Oh, wouldn’t the leaders be humiliated to find out that he understood God better than they did. Wouldn’t they be humiliated to find that he feared God like they did not. For it was he who recognized that the world is not equal and balanced, he who saw how dangerously tilted the world had become, he who recognized the need for restoration of that balance – he who saw that Jesus had done nothing to deserve the suffering he received. But here is the miracle in the moment: he, like Job, still believed God is good.
And because he did fear God, the real God, who he would soon be seeing – he saw everything clearly. His own crime. Jesus’s innocence. God’s goodness. All of it true all at once – and he, like Job, saw the truth at last, that Jesus was the one who would restore the balance. That Jesus was the Savior, the Messiah, not of the Jewish political nation, but of the spiritually broken world.
Then he said, “Jesus, remember me when you come into your Kingdom.” Luke 23:42 (NLT)
What does it require, this salvation we profess? First, honesty – the acceptance that the world is not equal and not balanced, the deep conviction that something is wrong here that needs fixing, and the awareness that it is embedded within ourselves. Second, trust – the knowledge and belief that God is good even when circumstances are not. Third, insight – the perception of Jesus’s innocence despite his suffering that makes his sacrifice entirely miraculous, necessary, and stunning. And finally, the humility to ask for what we do not deserve. When we move through these revelations, we too hear what the clear-visioned criminal heard:
And Jesus replied, “I assure you, today you will be with me in paradise.” Luke 23:43 (NLT)
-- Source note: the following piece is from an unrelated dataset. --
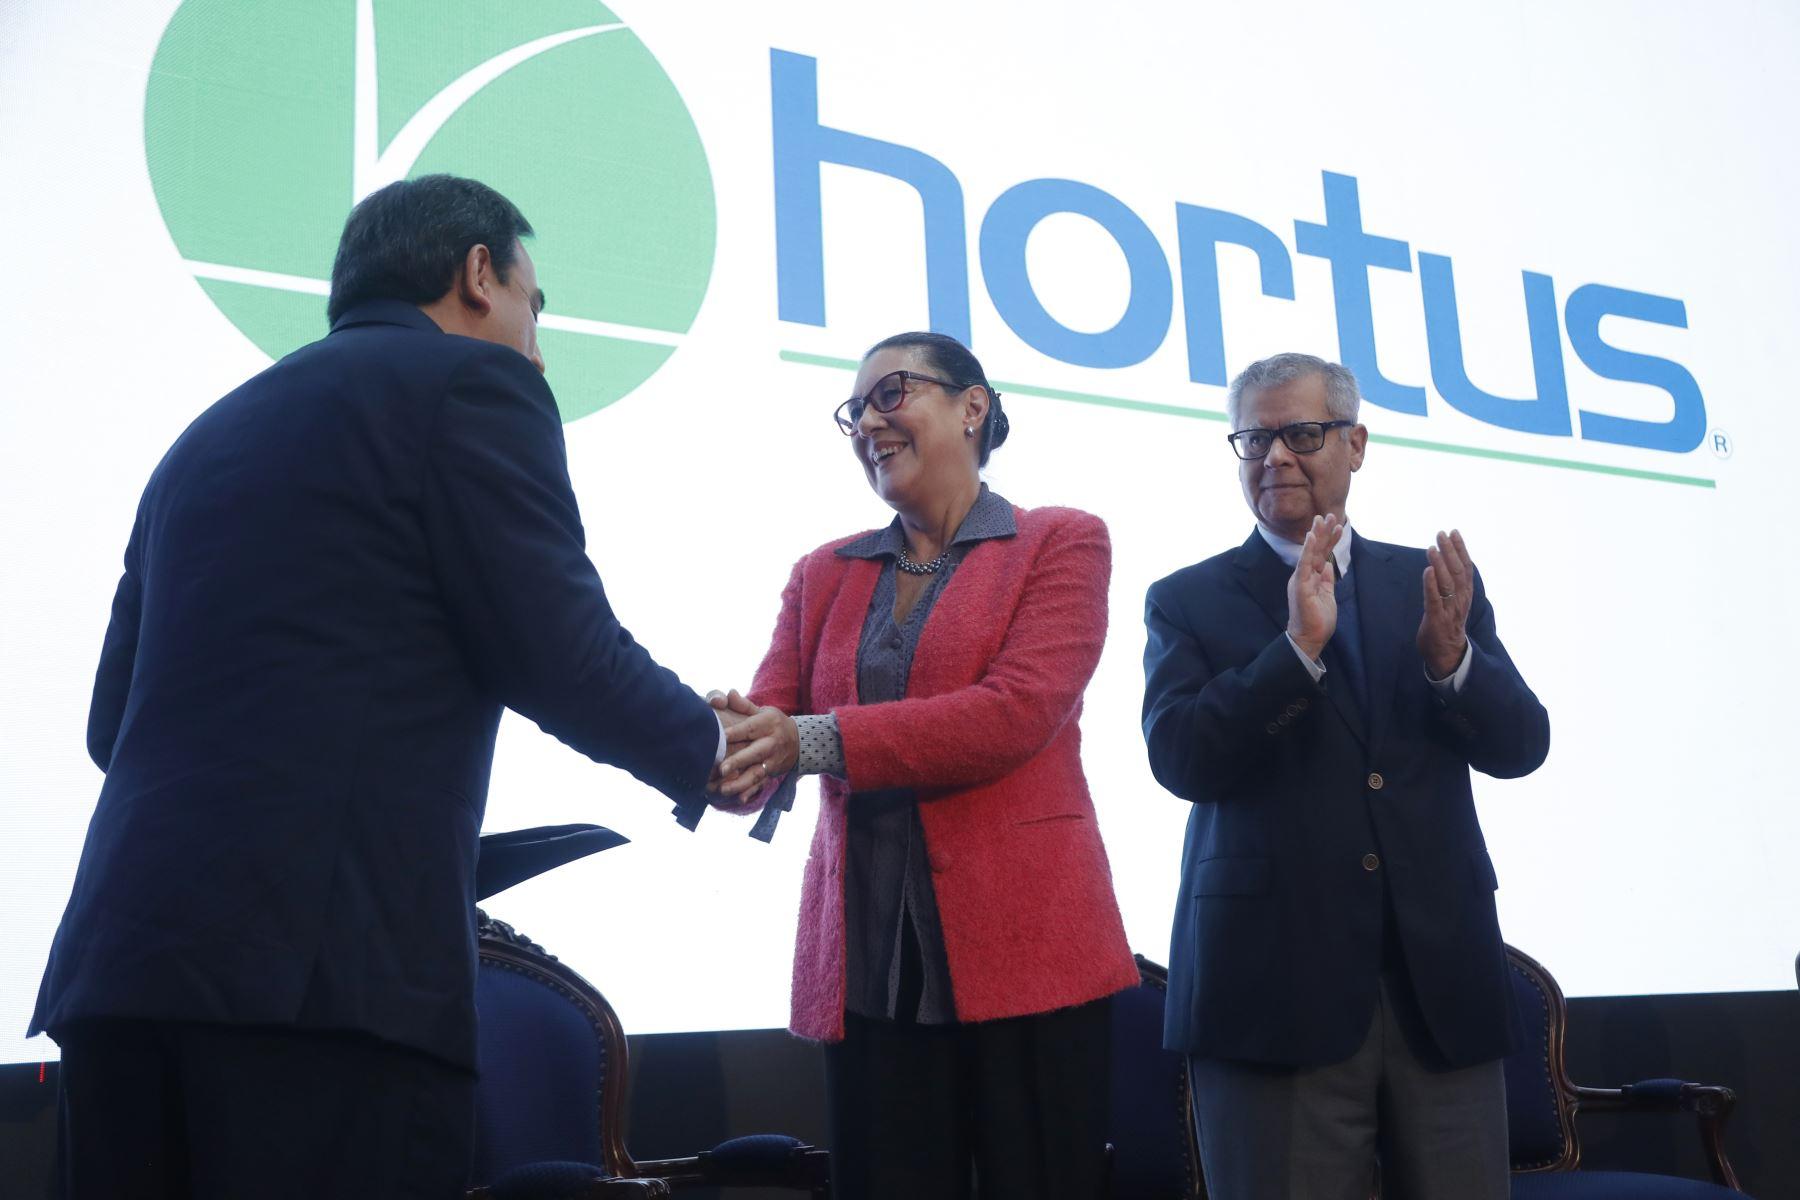 Reconocimiento a la empresa Hortus, en la Semana Nacional de la Innovación. Foto: ANDINA/Josue Ramos

That was it. That was all. No baptism, no checklist of good deeds, no ritual, no dollar sign. At this moment the pillars of false religion crumble again and again. This man had to do nothing but be honest and tell the truth: he had sinned, Jesus had not, and he wanted to go with Jesus now. And Jesus said, “Of course you can come with me.” Job could not wait to go with Jesus, too. Abraham, David, Isaiah, Ezekiel – all of the others – all of them knew Jesus would come because they saw the imbalance, believed God was good, and knew he would do something about it. Their faith was always in God’s ability to fix what they could not. Their faith was always in Jesus, just the same as ours.
“Someday, maybe we will get to meet him in heaven,” I said to my little one about the criminal, about the Roman Centurion who saw what others did not, about all of the people who put their trust in the solid ground of God’s Son. I gathered up our plates and took them to the kitchen so she would not see the tears in my eyes as I imagined telling this criminal how much his words meant to me.
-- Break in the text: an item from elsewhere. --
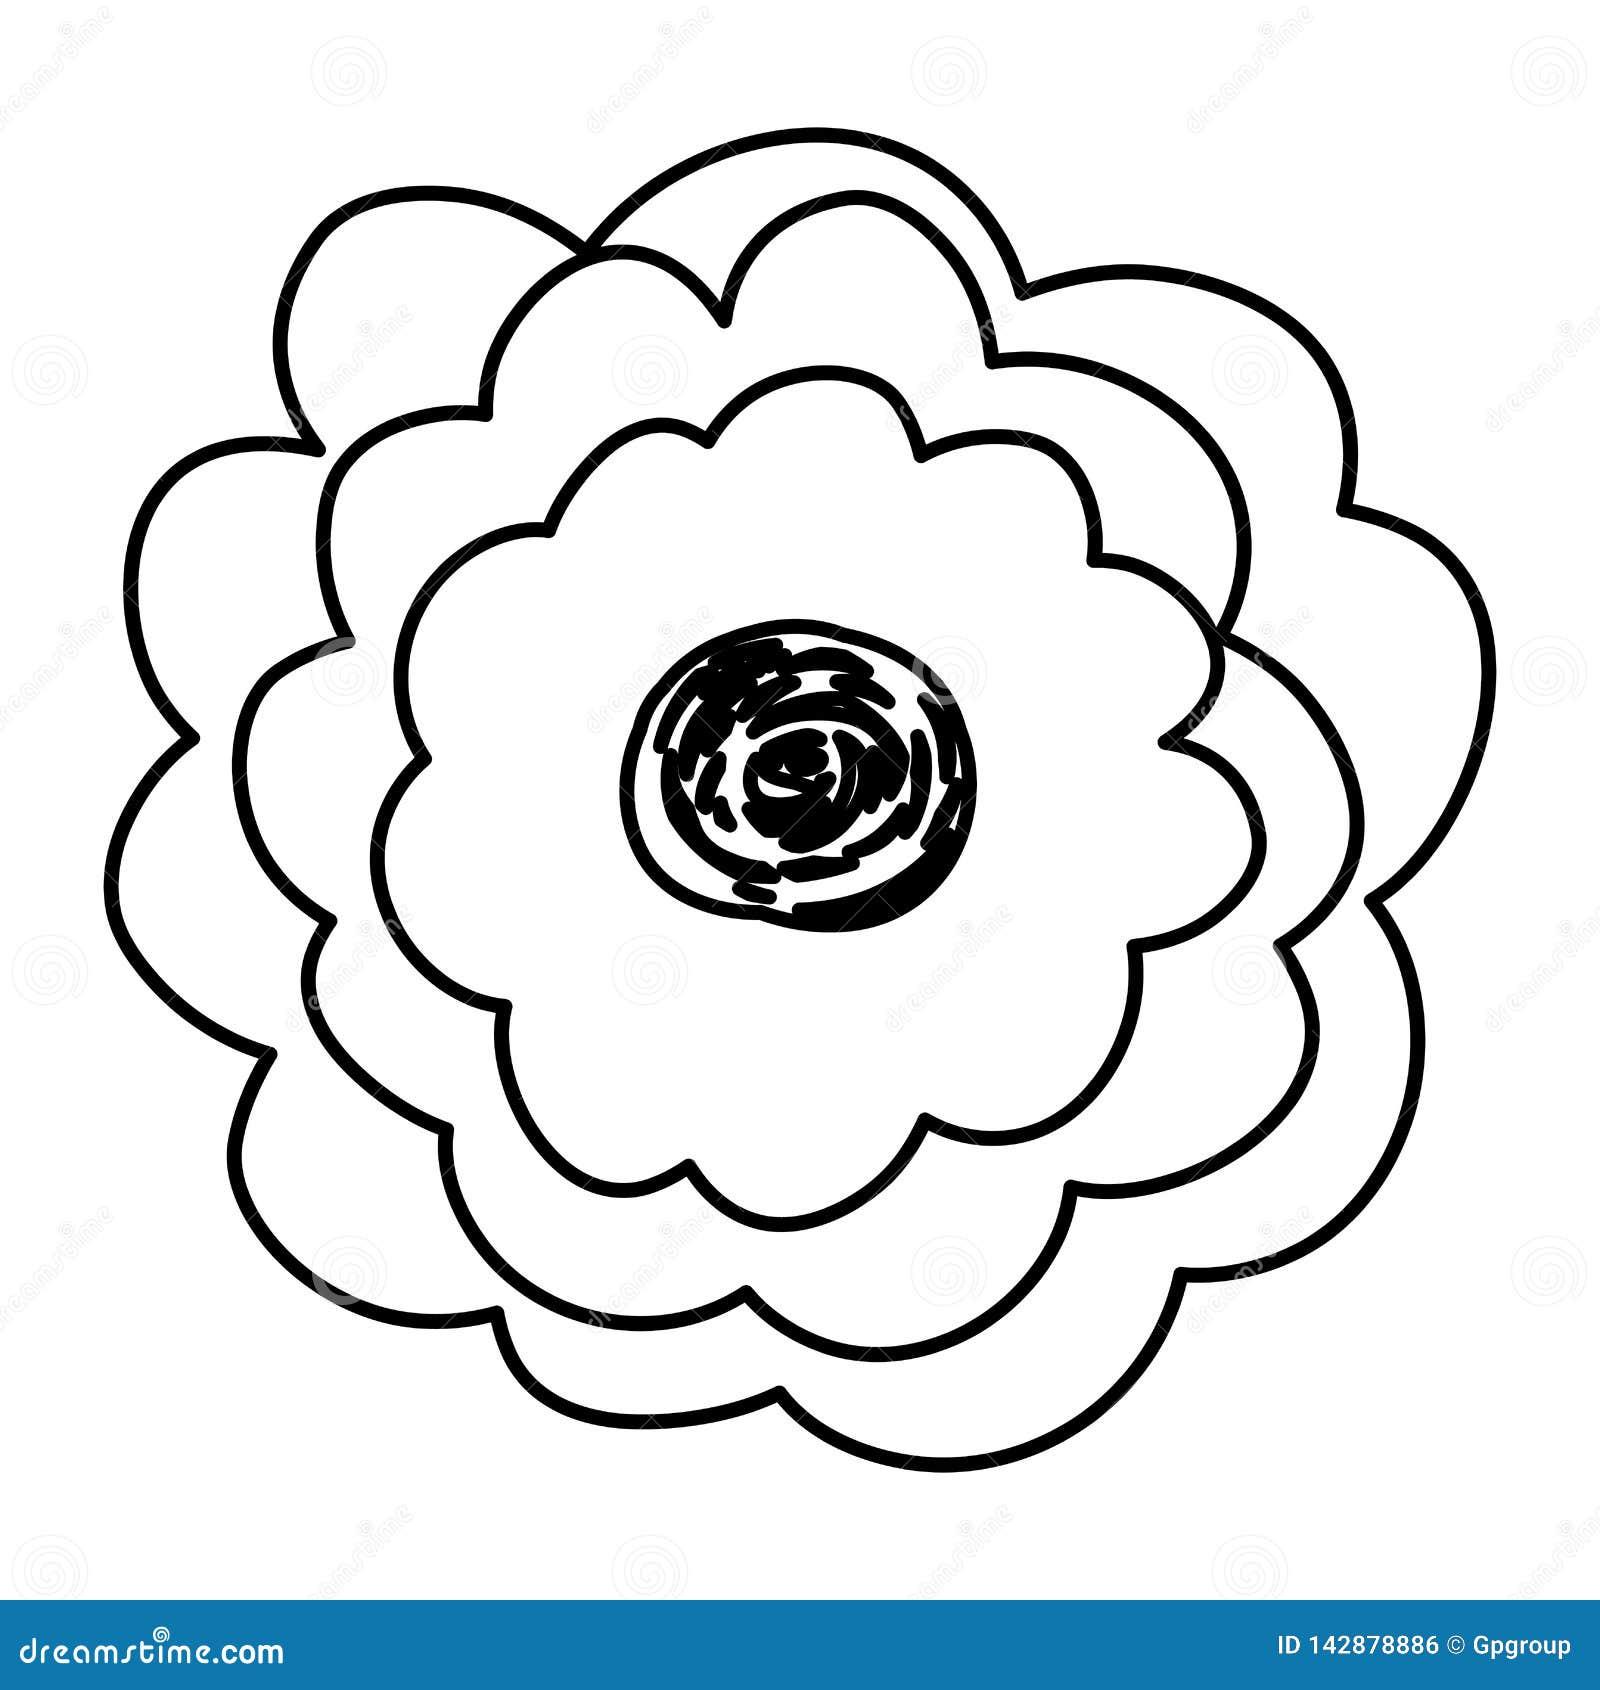 Contorno Do Esboco Da Flor Do Desenho Da Mao Com Diversas Petalas

This belief that Jesus’s life and death demands from us is challenging and radically different than any other I have encountered in this world. It is counter-intuitive and undesirable. I do not want to believe I cannot control what happens to me. I want to believe that if I work very hard, I can get the reward of working very hard. It makes me furious when life does not turn out that way. But it does not, time and time again. That is what makes the Bible so completely trustworthy though, isn’t it? It tells us the truth whether we like it or not. And what makes it so profound, so beautiful, so miraculous? Not only does it tell us the hard truth, it tells us what God is doing about it. It shows us how when we are not, God is still good. His goodness is not dependent on ours. And though I think I want control… somehow finding out I am not responsible for making God be good… is such a relief. I may not always like his choices. But I can take my hands off the reins and let him make them because I know who he is. I can trust him to be himself. I can trust God to be good.
That is the whole difference between the Pharisees who nailed Jesus to a cross and the criminal who was nailed beside him; the Pharisees trusted themselves to be good, and the thief trusted Jesus. So this good Friday, I sit here and sip from this mug, ponder these droopy, dead lilacs and a dying Jesus taking the time to give the foundational belief of all false religion one last, big shake and wonder… which one am I today, Pharisee or criminal? Which one are you?